'The Wrestler' busts out
Darren Aronofsky didn't set out to make an homage to professional wrestling in all its choreographed, performance-art-that-can-maim-you glory. But that's what happened, the filmmaker said Tuesday night at the premiere of "The Wrestler," a drama that looks likely to score star Mickey Rourke an Oscar nomination.
"My main goal was to do something all about acting," Aronofsky said.
And, he said, something that was close enough to reality that it didn't make the muscle-bound grapplers in the audience want to kick his arse.
For the record, one of the sport's legendary figures, Rowdy Roddy Piper, has already endorsed the film and repeated the praise -- it's well researched, it's a true representation of the hard-knock life -- to your resident Gold Rusher at the post-screening cocktail party. And then he clothes-lined us for slowing down the buffet line. Just kidding.
There was a solid wrasslin' contingent at the event, with Greg "The Hammer" Valentine, Brutus Beefcake, Rick "The Nature Boy" Flair, and Diamond Dallas Page flinching a lot less than the rest of us while Rourke's character was barb-wired, staple-gunned and beaten bloody in the bleak New Jersey-set movie. They're used to the these occupational hazards, after all. The emotional gutting that Randy "The Ram" Robinson took might've hit them just as hard. Tough to say because, well, they're tough guys.
Luminaries of the non-beat-down variety were there, too, like Oliver Stone, Aronofsky's wife Rachel Weisz, 50 Cent and everybody's favorite porn king, Ron Jeremy. (Don't think we didn't start a conversation. More on that later).
After winning the Golden Lion at the Venice Film Festival, "The Wrestler" has been on a roll with U.S. critics groups and best-of lists. Rourke, playing a wrestler 20 years past his prime, has a Golden Globe nod under his belt already, as does co-star and past Oscar winner Marisa Tomei for her stripper who could've fallen for the big lug. Both have Oscar potential.

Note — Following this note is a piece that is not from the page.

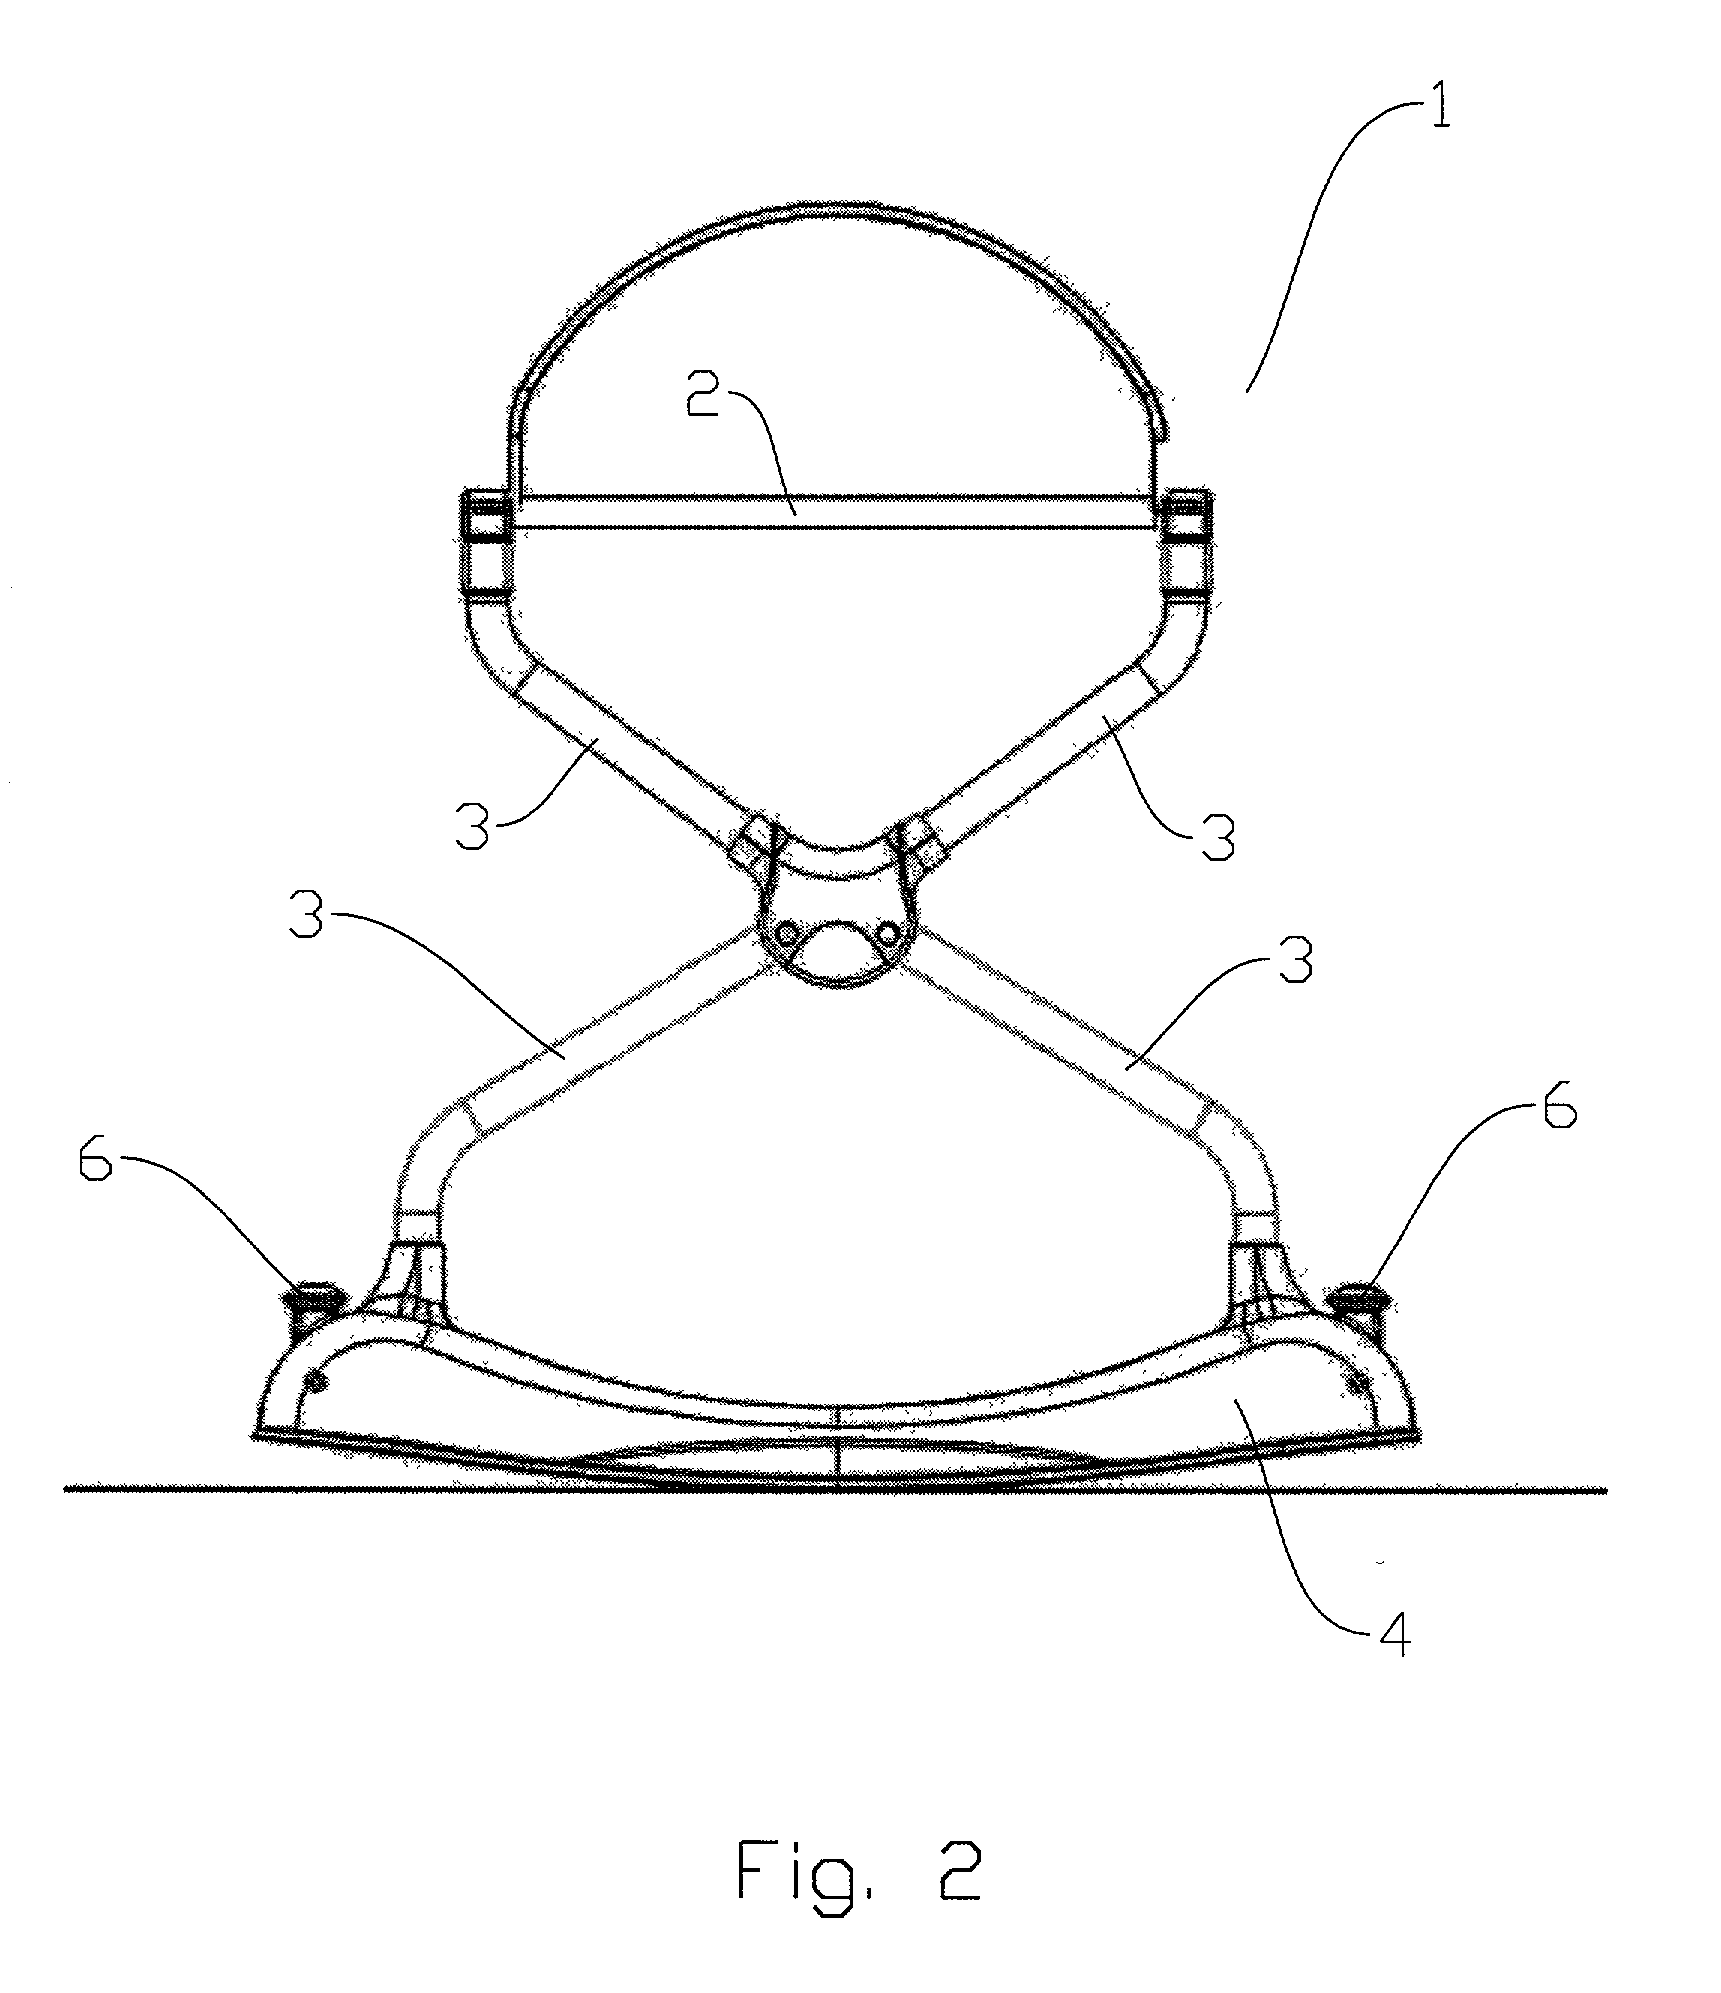 Wheel receiving device for baby sleeping bed

That has to be music to the ears of Fox Searchlight honcho Peter Rice, who called it the quintessential American indie film that the corporate purse-strings-holders gave him the go-ahead to buy and distribute during an inhospitable climate for such fare.
The New York Times review is one of the most astute we've read on "The Wrestler," pointing out its flaws but coming to the conclusion that "like its hero, the movie has a blunt, exuberant honesty, pulling off even its false moves with conviction and flair." Couldn't agree more. It's a must-see.